India and Pakistan:  Two countries with a shared history and heritage would have a lot in common in its crafts. Yet, fifty years is a long time for each country to form its own new identity. In DOSTKARI, the India-Pakistan design workshop, the effort was to find this commonality.

It was pre-decided that for every chosen craft from Pakistan, there would be a matching craft from India. . Wood, leather, hand painting, ajrak, block-printing, and embroidery were adequately represented from both sides. It had been decided that there would be no competition.  Instead, an artisan from each side was put together to work on a product.


Having chosen friendship as the underlying theme, one had to come up with product ideas that can be made by two artisans with the span of two weeks. Ideas that were tossed around include

  • Children’s products, as they are the future
  • Games, as they represent a friendly competition,
  • Lamps, as they spread light.

All these still did not amount to a collection. One had to work further, to form a distinct design concept. That could happen only after the artisans arrived and their products and skills were analysed.

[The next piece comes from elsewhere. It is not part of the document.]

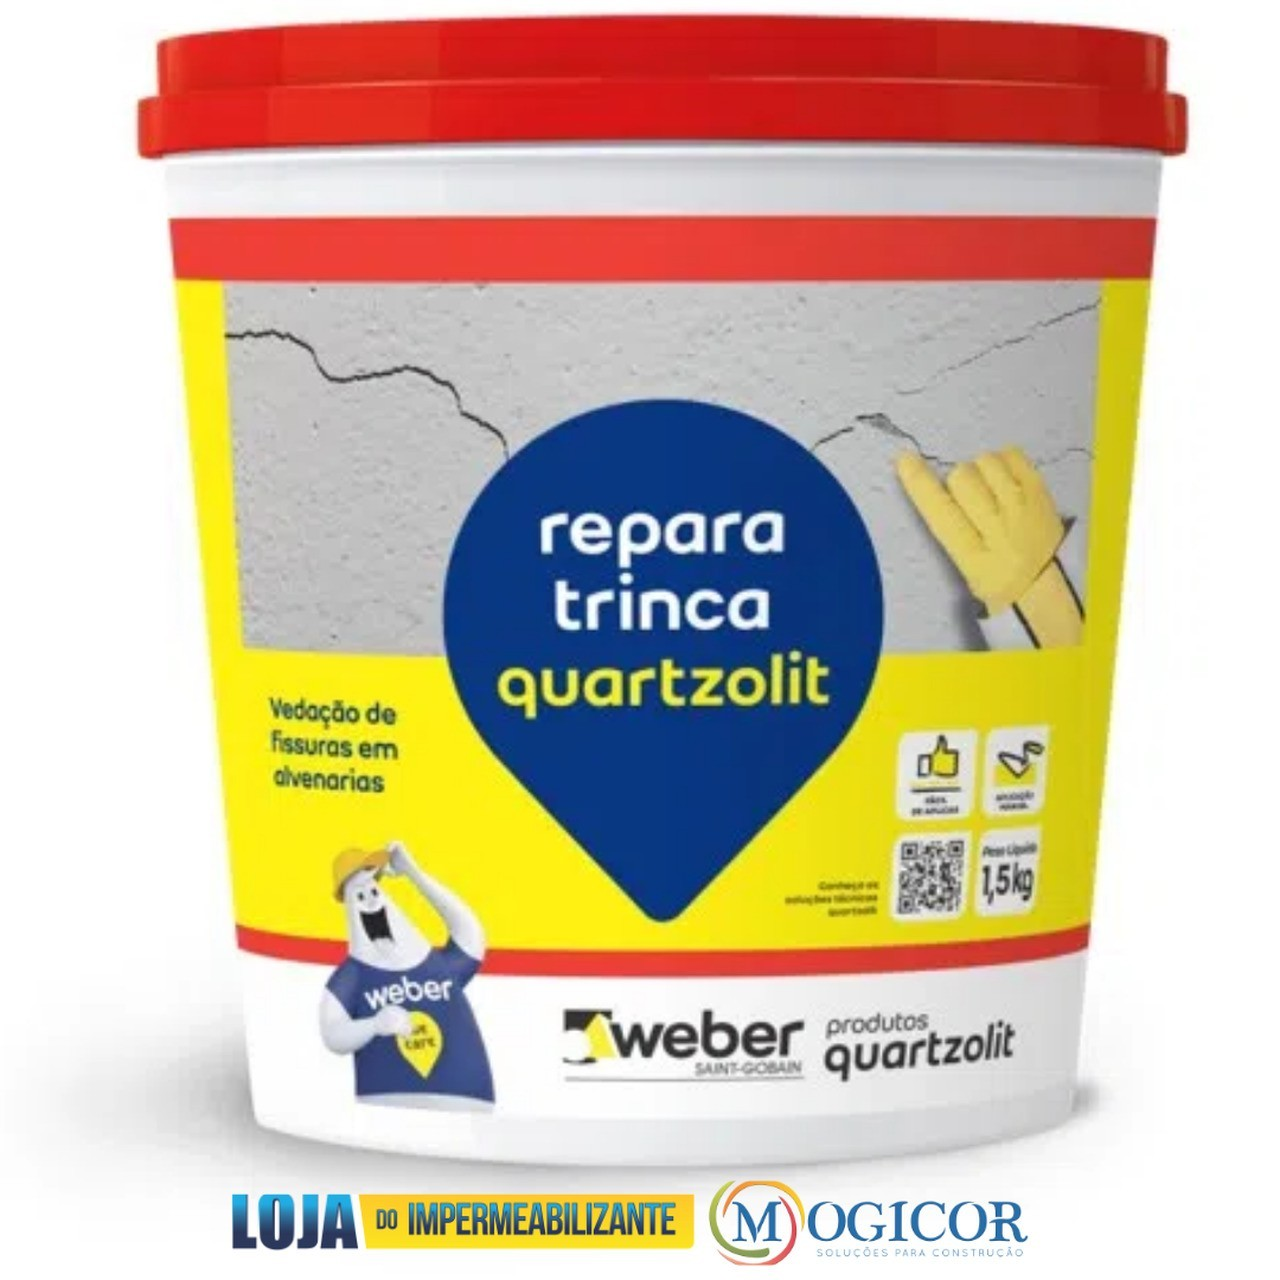 Repara Trinca (Sela Trinca) Frasco 1,5kg - Quartzolit

The designers worked upon a collection after an initial exploratory stage. This is the stage when products were presented by artisans from both the nations. Making-skills were assessed, techniques were compared and product ideas were discussed threadbare to put together a collection in 2 weeks.

Ajrak, a process that is practised on both sides of the border was chosen as the anchoring element.   Ajrak, interestingly is also printed on both sides of the fabric. It made sense to use this idea.

Ajrak is still practised in Pakistan, the traditional way. In India, it has undergone changes to suit the emerging markets. New products have evolved, techniques have been honed. Putting together artisans of both countries to make space dividers, seemed like an exciting idea.


Space dividers were designed to form a backdrop for the setting. Colours from ajrak were chosen to form a palette that would influence the colours in other products as well.

One it was decided that there would be tall backdrop of Ajrak screens, the other products started falling in line. An entire range of interior products idea emerged. Interior products that contribute to a friendly, bi-lateral environment was chosen. Products include cushion covers and bolsters, mirror frames and photo frames for the walls, board games in fabric and wood for a friendly exchange, lamps on the wall, floor and side tables to lighten up the atmosphere. Decorative chimes were also included to complete the picture.


Each product had to represent two skills, making them really unique. Mughal motifs and grids were used wherever possible as the language of the pattern, since Mughal legacy is common to both the countries. The result is a collection of products that are both unique in its appearance as well as a representation of the skills of both India and Pakistan.


If the lamp base of the Chinar lamp was made by the Indian wood craftsman from Pilakhuwa, the shade was painted on camel skin by the Pakistani artisan.  Likewise, each product is a blend of two parts, one part made by an Indian artisan and another by the Pakistani counterpart.

The collection is a result of this unique blending of skills by design. . Thus a *dosti ka mahol* was created. DOSTKARI has been established.